My first job involved writing option models, so I knew Black-Scholes intimately. 20 years later, I was sitting in a hotel in Mountain View waiting for a car, and I picked up an article in some reputable newspaper saying, "Black-Scholes is broken!"

I laughed and said, "This will be something fun I could refute in a few moments while waiting for this car." I started reading and about two minutes into it I jumped up. "Shit!"

The issue is simple.

Black-Scholes is perfectly correct if traders were roughly split between being long volatility and short volatility.
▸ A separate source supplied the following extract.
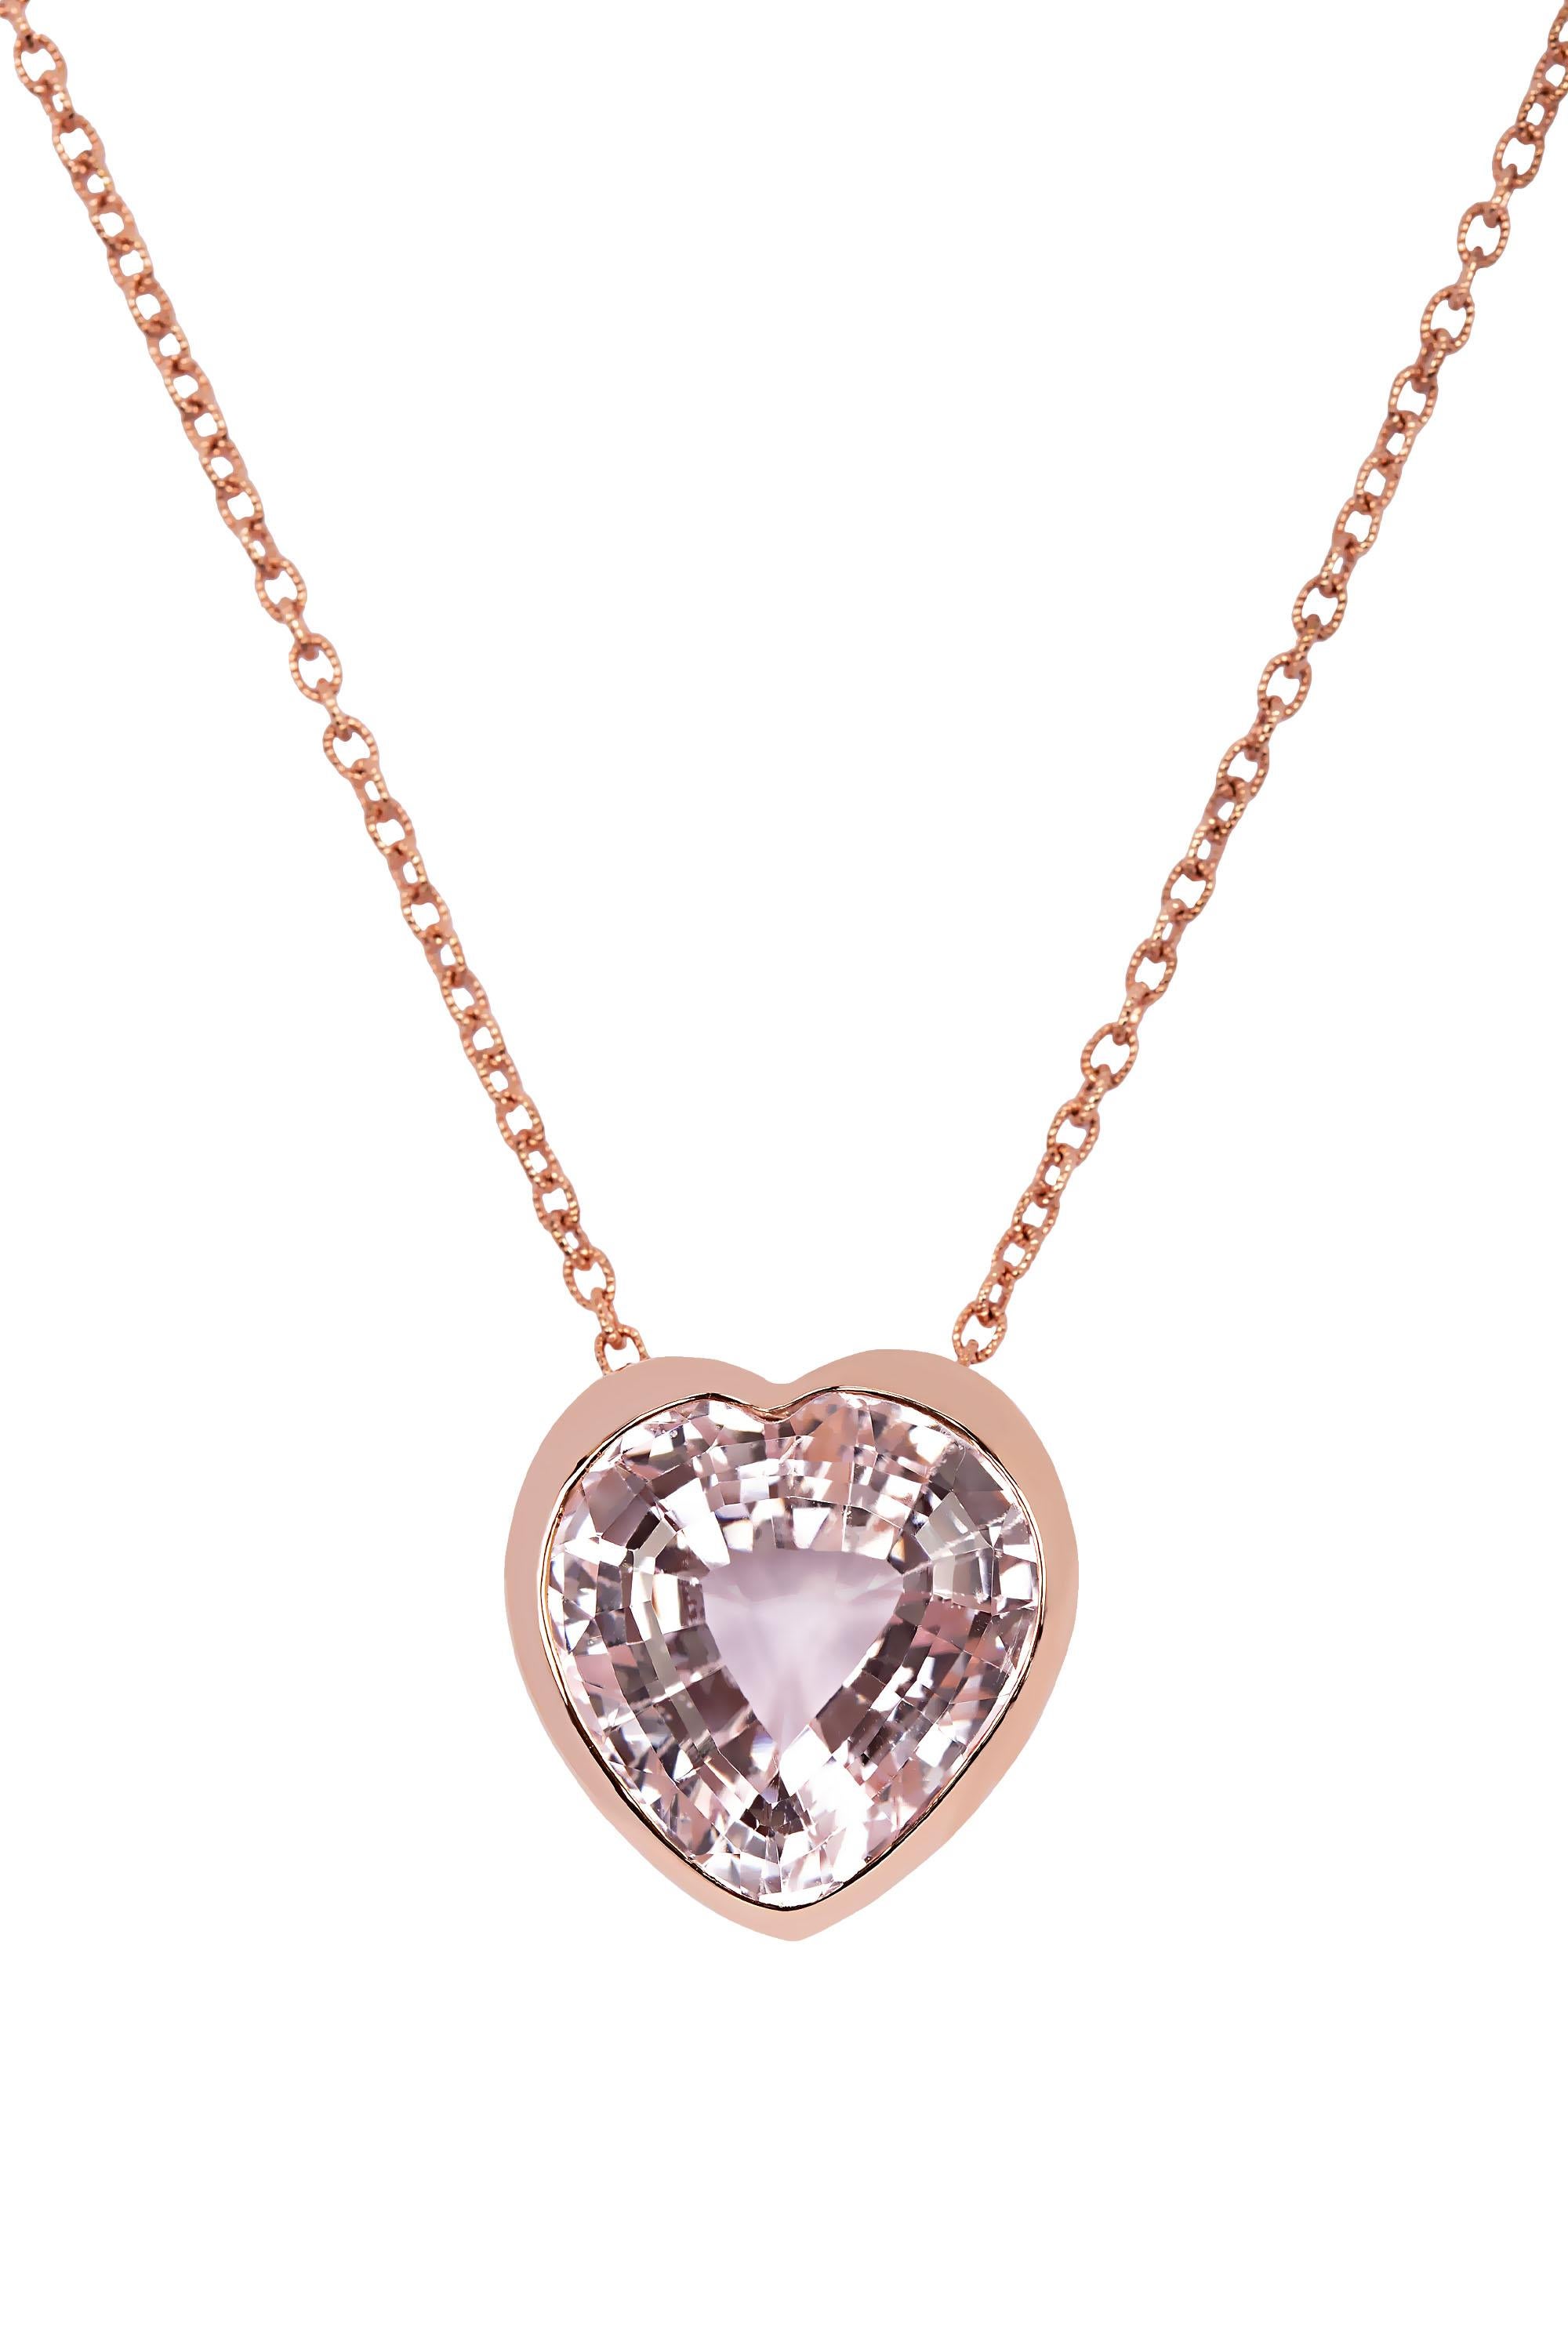 Contemporary Heart Shaped Kunzite 30.86 Carat Rose Gold Necklace

But in fact, Wall Street tends to sell volatility, by writing options and selling them to clients, so Wall Street as a whole is heavily short volatility.

That means when the market moves a lot in one direction, all the traders are going to be delta-hedging at the same time in the same direction, which spoils the "unbiased lattice" property (as likely to go up as down) that Black-Scholes depends on.

The worst is that this explains a lot of catastrophes that had happened in Wall Street while I was there, and it should've been obvious to us, but it wasn't.

Thanks for a great article, and one that brought me back to my sinful past as an investment banker. My only excuse is that I was young and stupid, but I would not do that again, but it was a lot of fun for a young person.

(Oh, the "Chaos Theory" example is I believe sorta bogus, as it was in the original book you are writing about. That recurrence relation is an example of one that produces chaotic behavior, or at least so I think, but there are many others. It could be I am wrong, though, I was never an expert and haven't touched this field in a long time.)